IN THE COURT OF CRIMINAL APPEALS

OF TEXAS




NO. 1889-00

 

LAWANDA LASHAE WOODS, Appellant


v.



THE STATE OF TEXAS




ON DISCRETIONARY REVIEW

FROM THE THIRTEENTH COURT OF APPEALS

JACKSON COUNTY


Womack, J., filed a concurring opinion.



I agree that the court of appeals should have dismissed this appeal, but for reasons different from those this court gives today.
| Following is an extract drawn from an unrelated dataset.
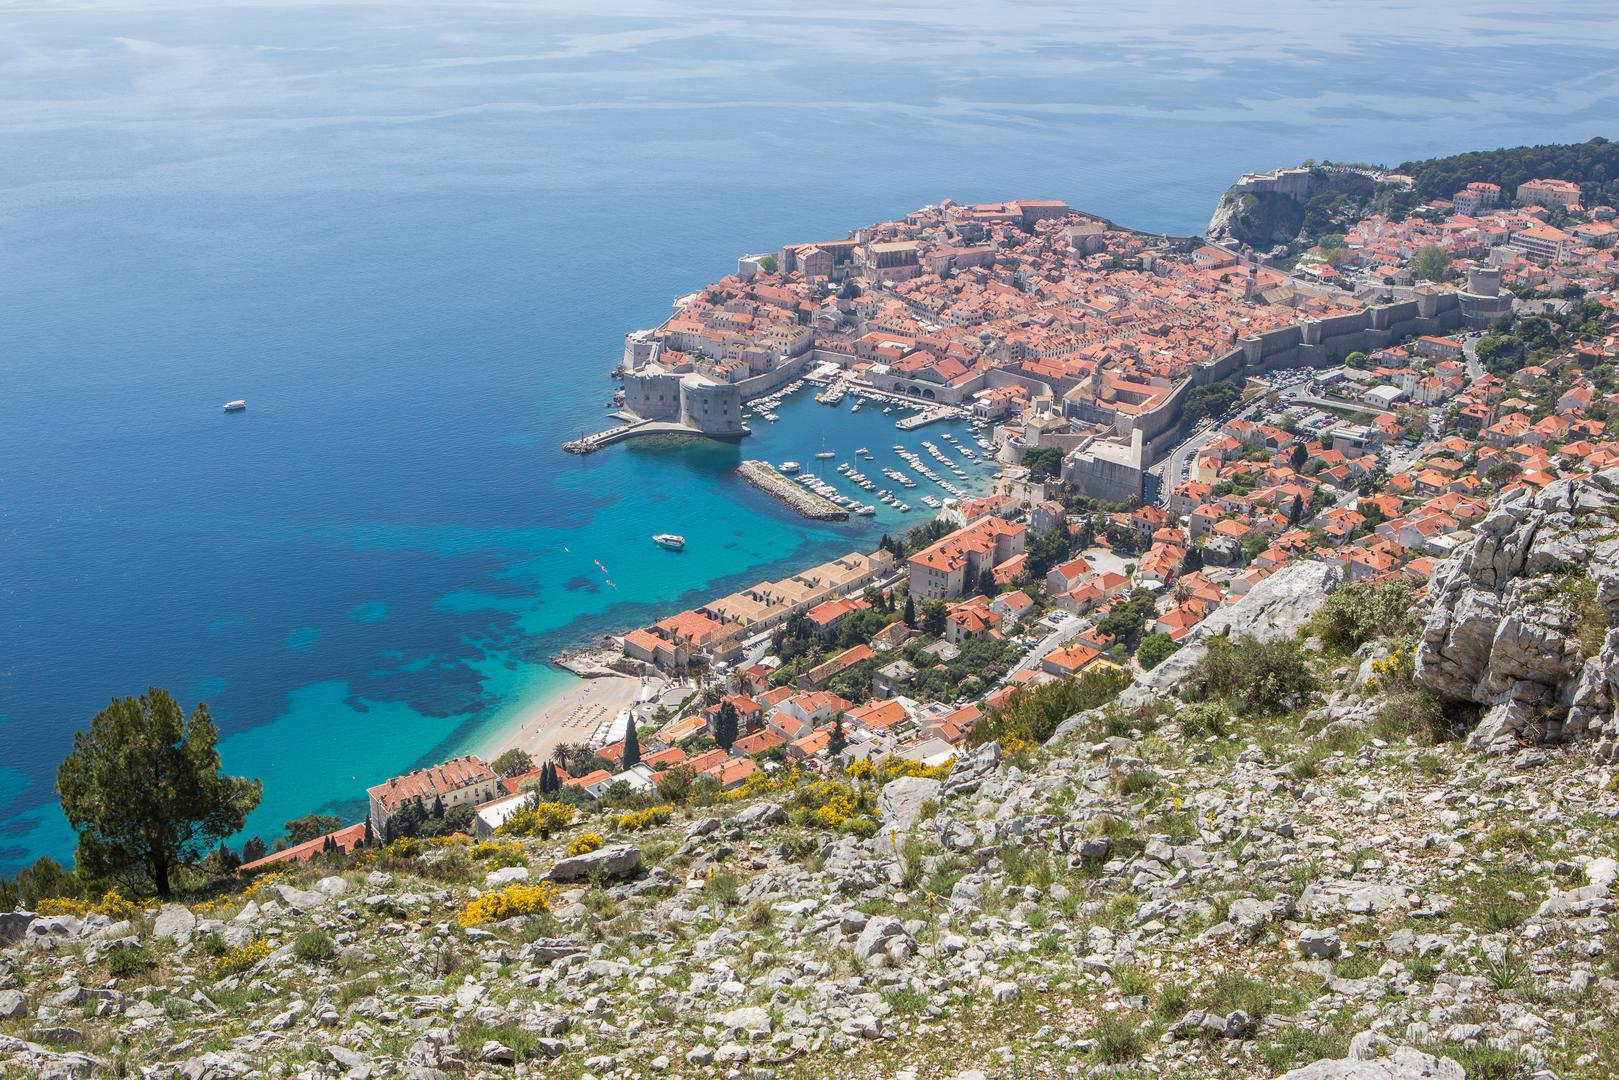 Iako je mnogo posjetitelja dubljeg
džepa, u Dubrovniku rado dočekuju i

The appellant pleaded guilty and was placed on deferred-adjudication probation, which did not exceed the plea-bargain recommendation of punishment. If she wanted to appeal the validity of her transfer from juvenile court to criminal court, she should have raised the question before she entered her plea, so that she could have appealed at that time. Because she did not, it is too late to raise the question by appeal. (I do not imply any view about her raising this issue by habeas corpus.)

Today the Court says that the requirement of Rule of Appellate Procedure 25.2(b)(3) still applies to the appellant in an appeal from the revocation of her probation, adjudication of guilt, and sentence to fifty years in prison because "this is a plea bargain case." (1) Her being placed on probation was plea-bargained; the revocation and fifty-year sentence was not. I have elsewhere expressed my view that Rule 25.2(b)(3) should not apply to such an appeal. (2) I am still of that view.

I therefore, respectfully, join the judgment of the Court but not its opinion.



En banc.

Delivered February 20, 2002.

Publish.

1. See ante at 1.

2. See Vidaurri v. State, 49 S.W.3d 880, 887 (Tex. Cr. App. 2001) (concurring opinion).